▸ Task description
For this exercise, copy all the data exactly and include none of the pictures.

▸ Material provided
--------------------
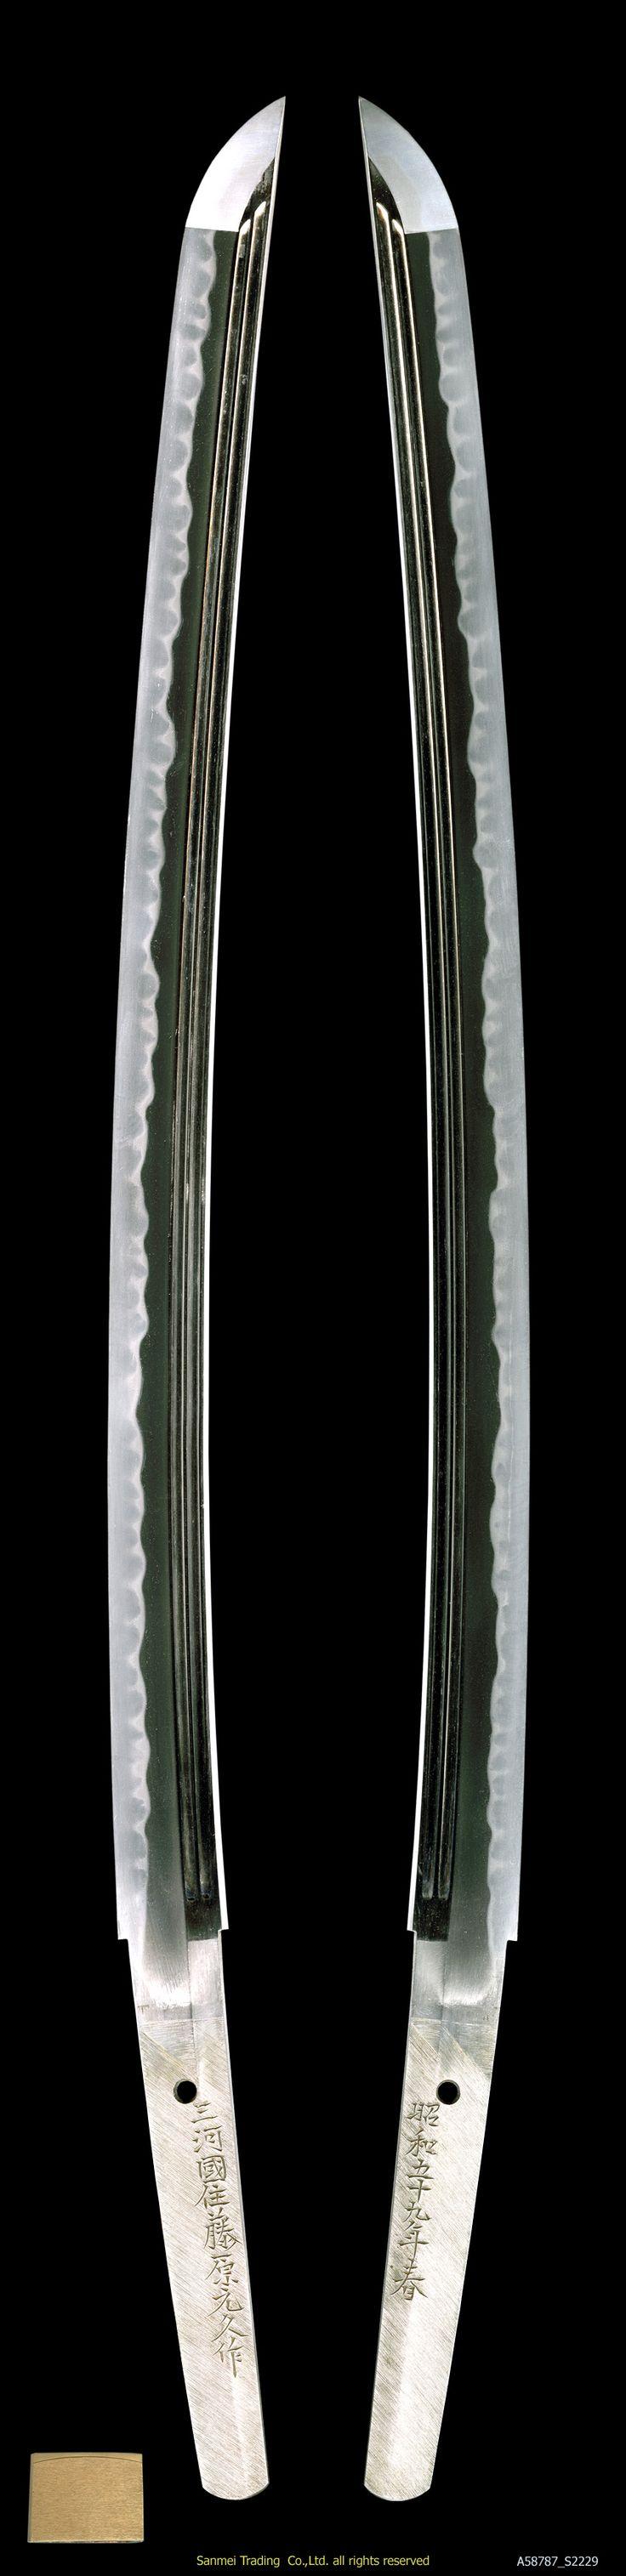 A58787_S2229
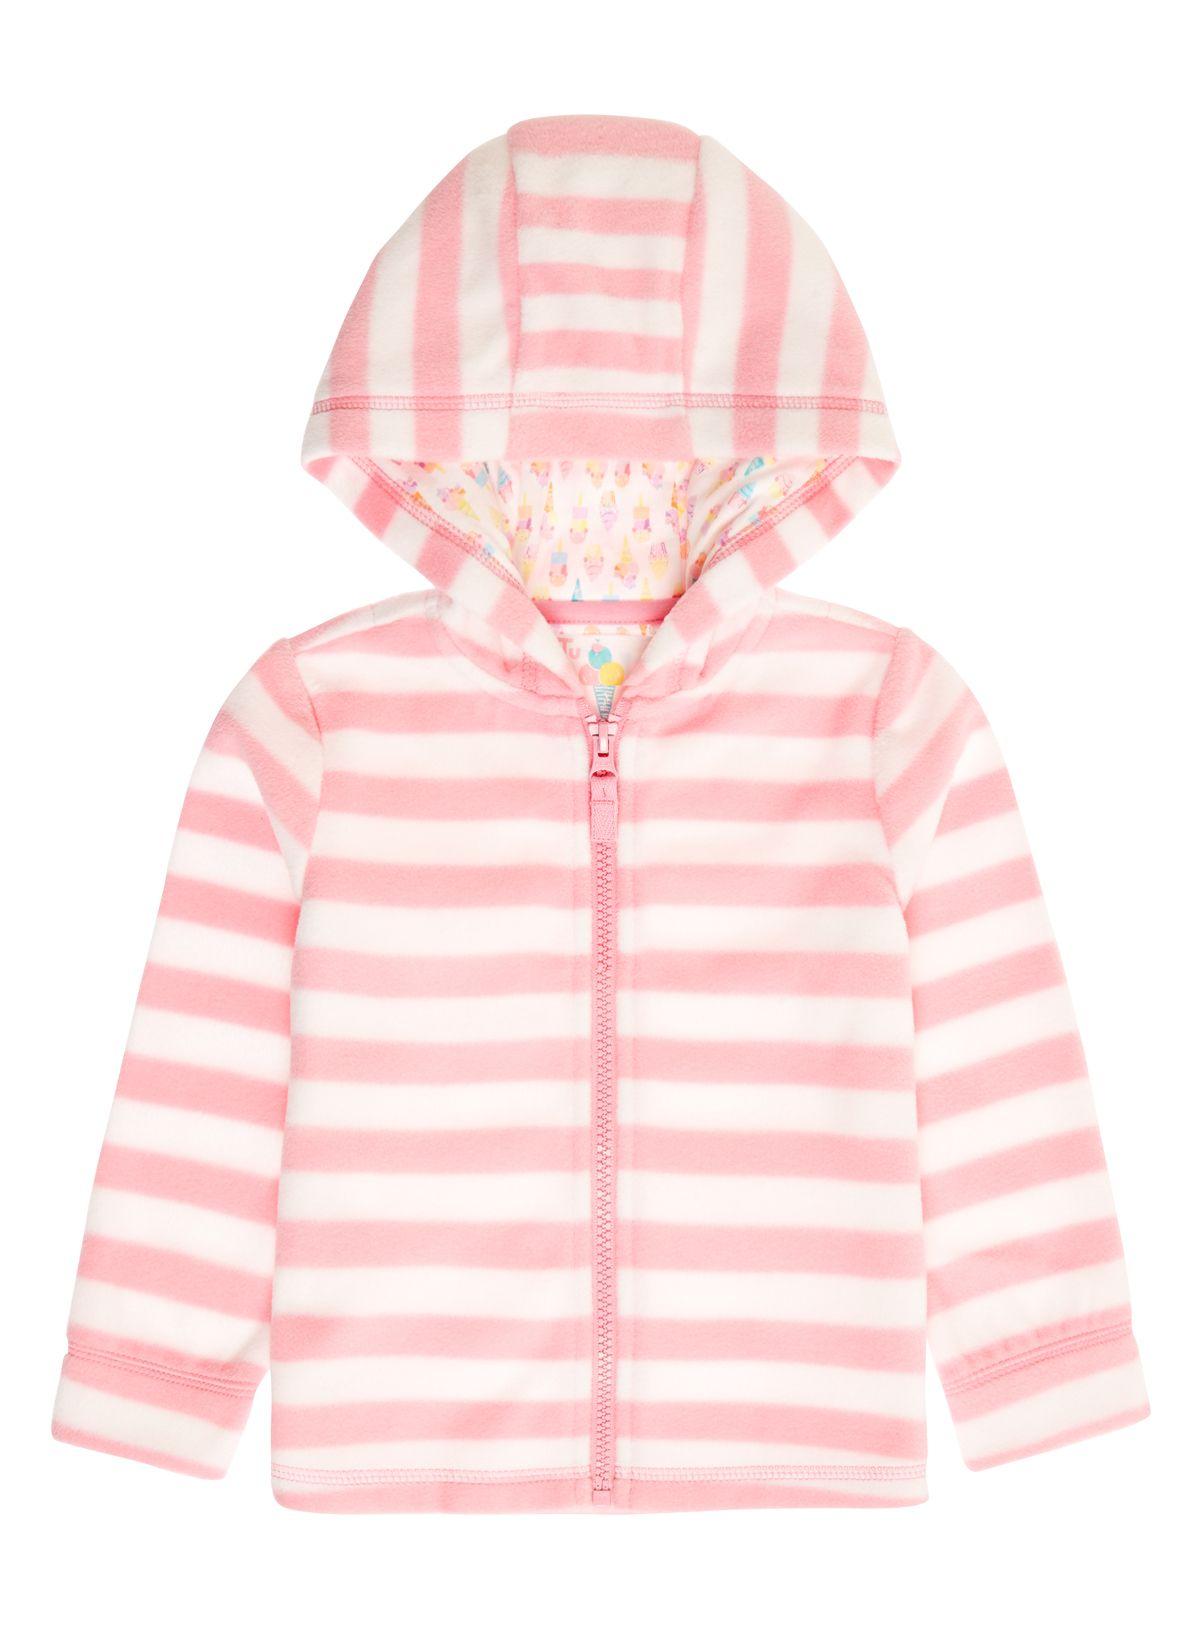 White apron sainsburys - 9 Months 5 Years Tu At Sainsburys Girls Pink Stripe Fleece Hoodie 5
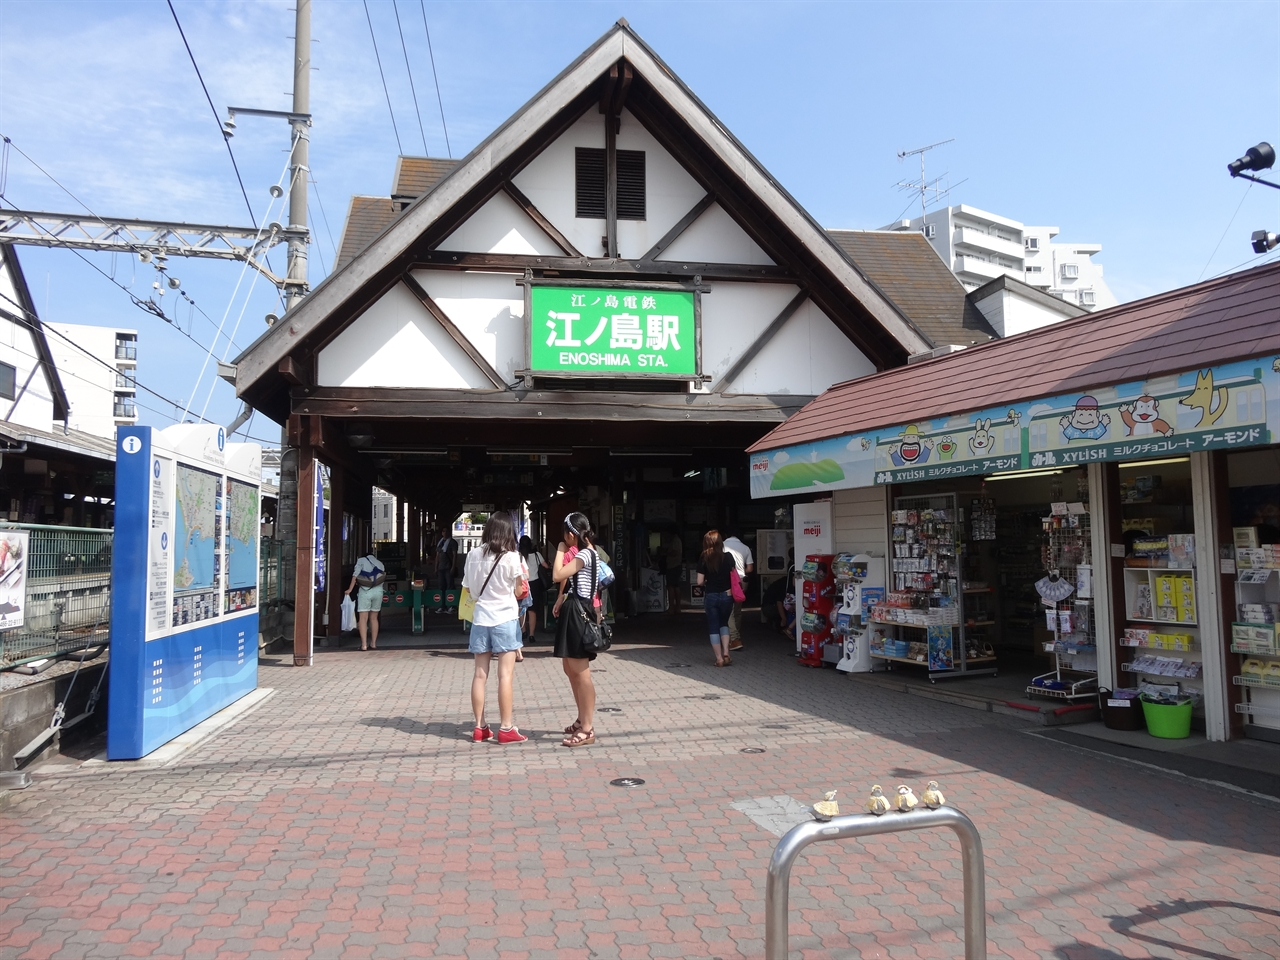 에노덴 관광의 거점인 에노시마역.
--------------------
▸ Solution to the exercise
 A58787_S2229
 White apron sainsburys - 9 Months 5 Years Tu At Sainsburys Girls Pink Stripe Fleece Hoodie 5
 에노덴 관광의 거점인 에노시마역.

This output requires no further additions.